Hello to all penetration tester. this guide is designed to help penetration testers understand the process of API penetration testing, identify common vulnerabilities, and apply effective testing techniques.
Table of Contents
- Understanding API Penetration Testing
- Preparation Steps
- Reading API Documentation
- Testing User Authentication
3. Common API Vulnerabilities
- Information Disclosure
- BOLA (Broken Object Level Authorization)
- Broken User Authentication
- Excessive Data Exposure
- Lack of Resources and Rate Limiting
- BFLA (Broken Function Level Authorization)
- Mass Assignment
- Security Misconfiguration
- Resource Enumeration
- API Injections
- Improper Asset Management
- Business Logic Vulnerability
1. Understanding API Penetration Testing
API penetration testing is the process of evaluating the security of APIs by simulating attacks to identify vulnerabilities. This guide will walk you through the steps involved in conducting a thorough API penetration test.
2. Preparation Steps
2.1. Try to find API documentation and read it.
Before starting your penetration test, familiarize yourself with the API documentation. This will help you understand the endpoints, authentication methods, and expected input/output formats.
Note: If you can’t find API documentation, then you can create it using Postman or Burp Suite and FUZZ by ffuf, dirbuster, wfuzz and etc.
2.2. Testing User Authentication
Determine how the client wants to handle testing for authenticated and unauthenticated users. This is crucial for understanding the scope of your testing.

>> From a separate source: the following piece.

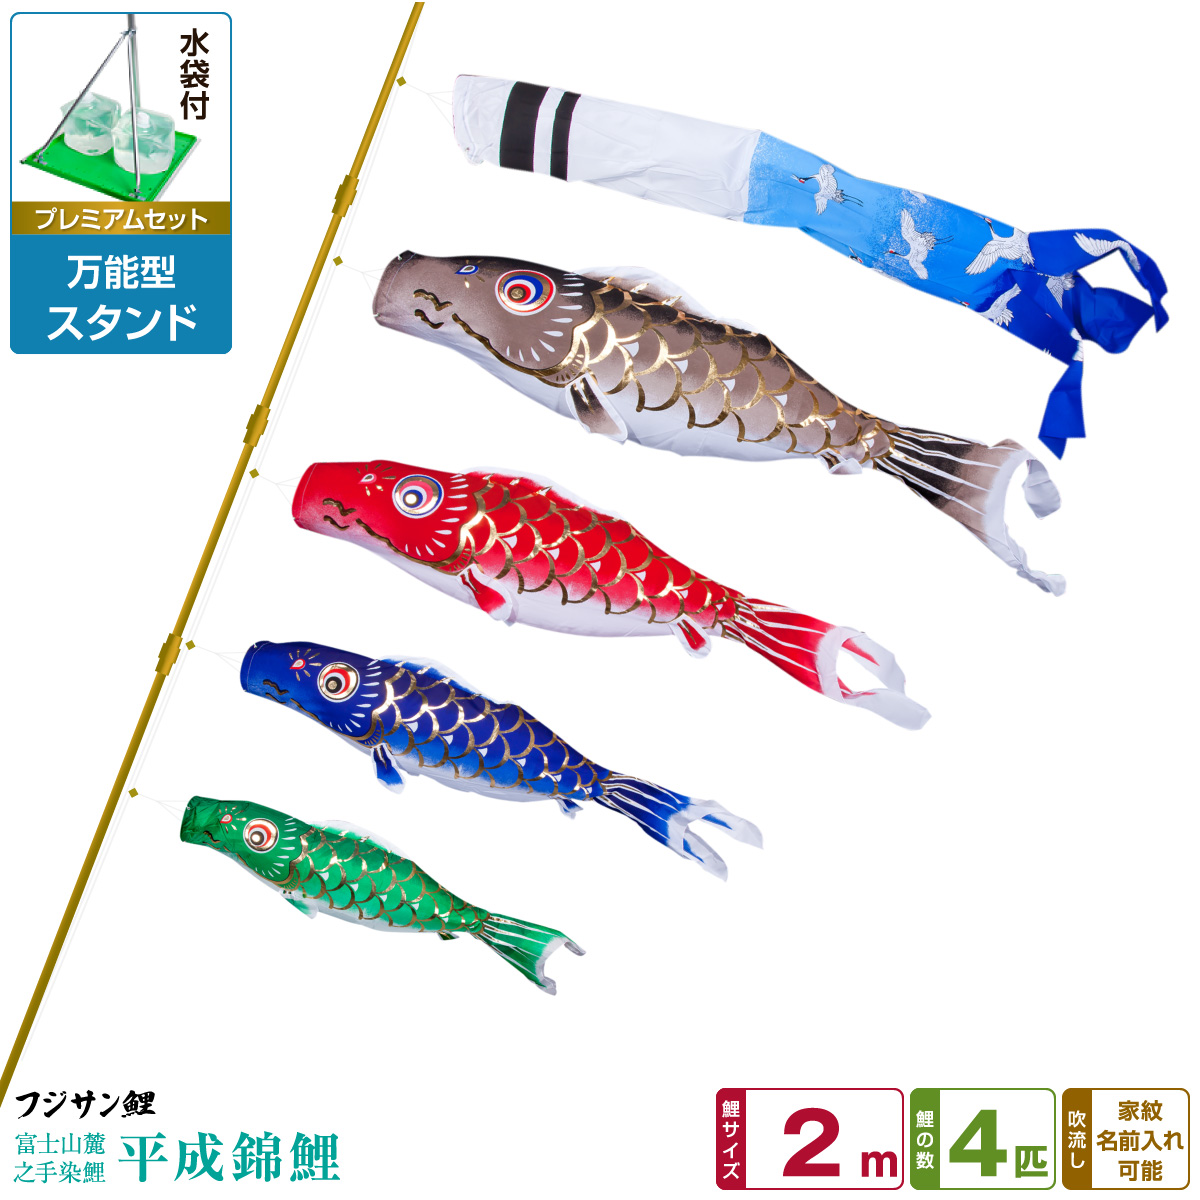 ベランダ用 こいのぼり 鯉のぼり フジサン鯉 平成錦鯉 2m 7点(吹流し+鯉4匹+矢車+ロープ)/プレミアムセット(万能スタンド)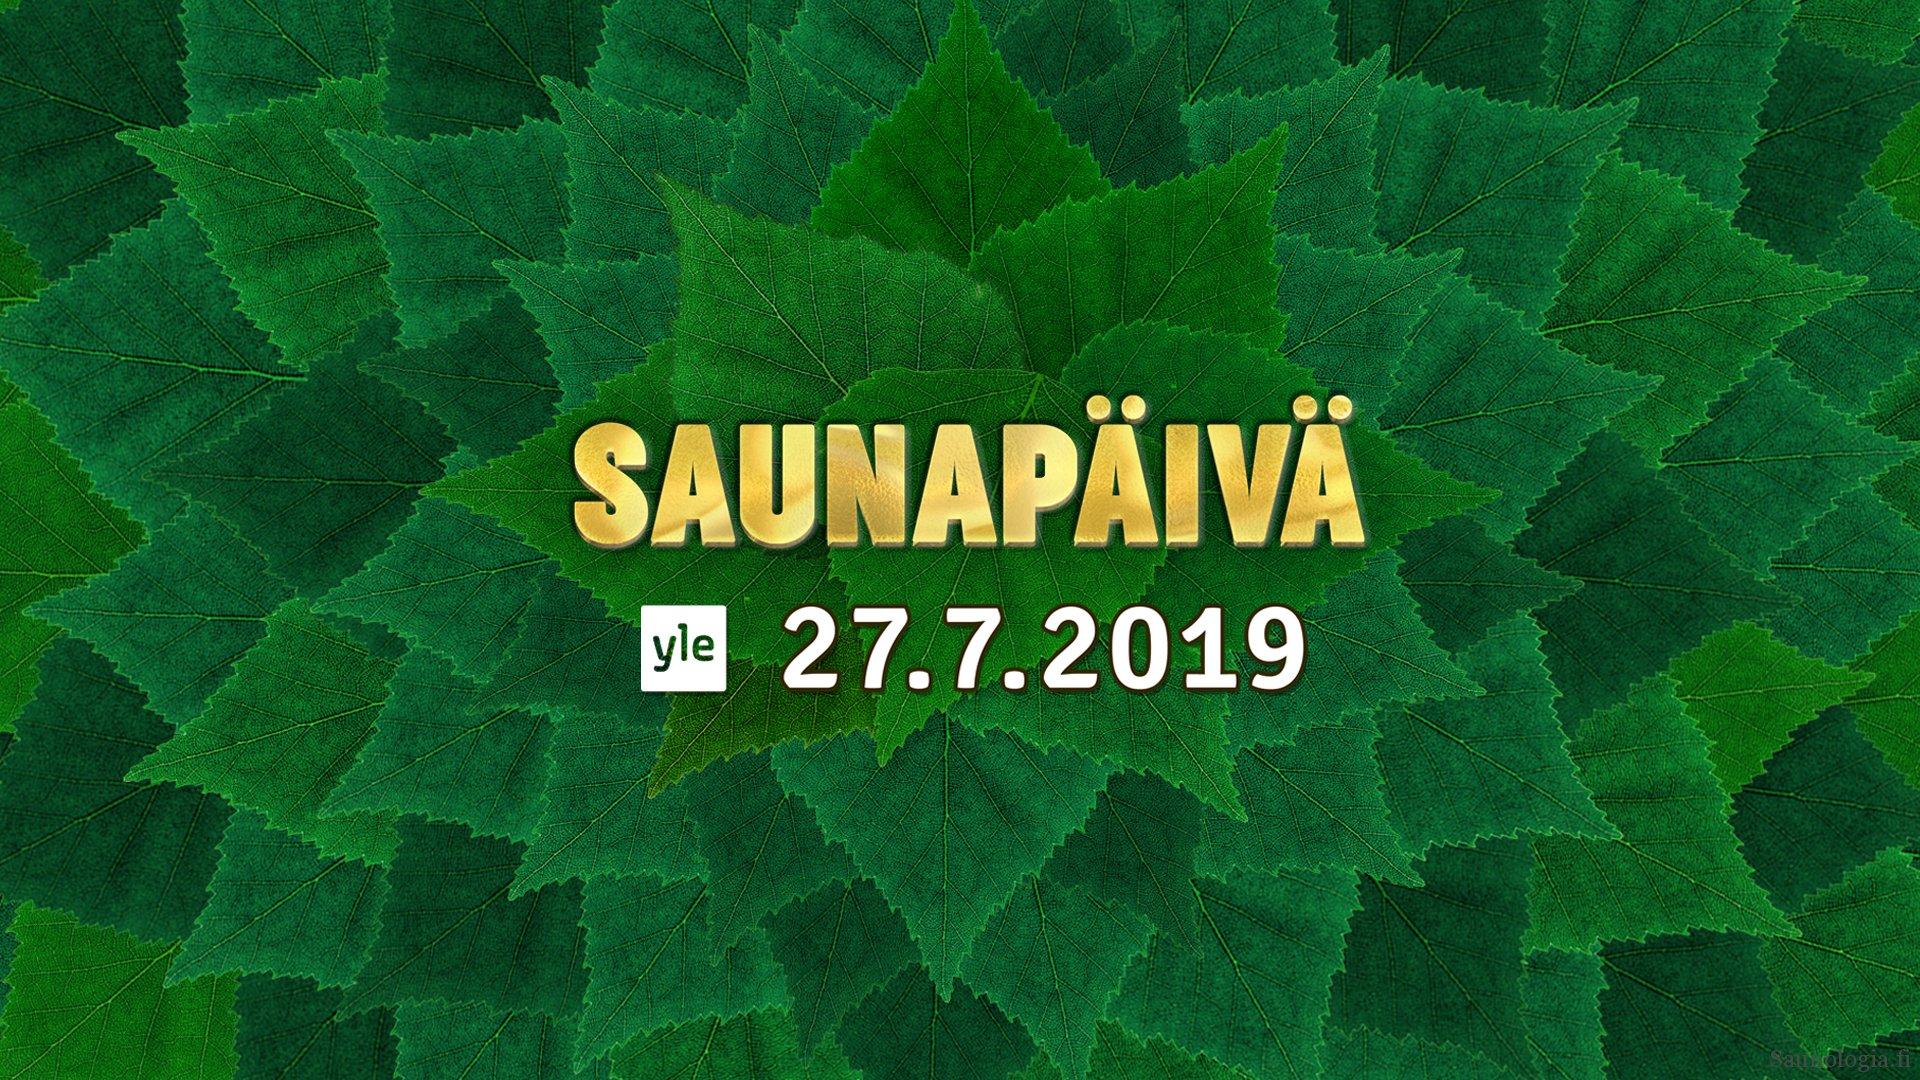 Lauantaina 27.7.19 ainutlaatuinen Saunapäivä

• Authenticated Testing: Test with valid credentials to assess user permissions.
• Unauthenticated Testing: Attempt to access endpoints without authentication to identify potential security flaws.
3. Common API Vulnerabilities
3.1. Information Disclosure
APIs may inadvertently expose sensitive information through error messages or verbose responses.
Example:
• Verbose Error Messages: An API returning stack traces or database errors can provide attackers with valuable information.
• Response Header value: An API response may return some headers such as Server, X-Powered-By, etc., and disclose some information about the web server or web application framework.
3.2. BOLA (Broken Object Level Authorization)
BOLA vulnerabilities occur when users can access resources they are not authorized to access. Let’s take an example: Suppose an attacker signs up on an API provider. When he retrieves his account information, he sees an interesting parameter.
http://redacted.tld/api/v2/userinfo/1253
He assumes that the number at the end is his user ID, so he tries to enter 1 instead of his ID.
http://redacted.tld/api/v2/userinfo/1
Surprisingly, he is able to retrieve all the information about the admin’s account, and this is BOLA.
How to Prevent:
• Implement a proper authorization mechanism that relies on user policies and hierarchy.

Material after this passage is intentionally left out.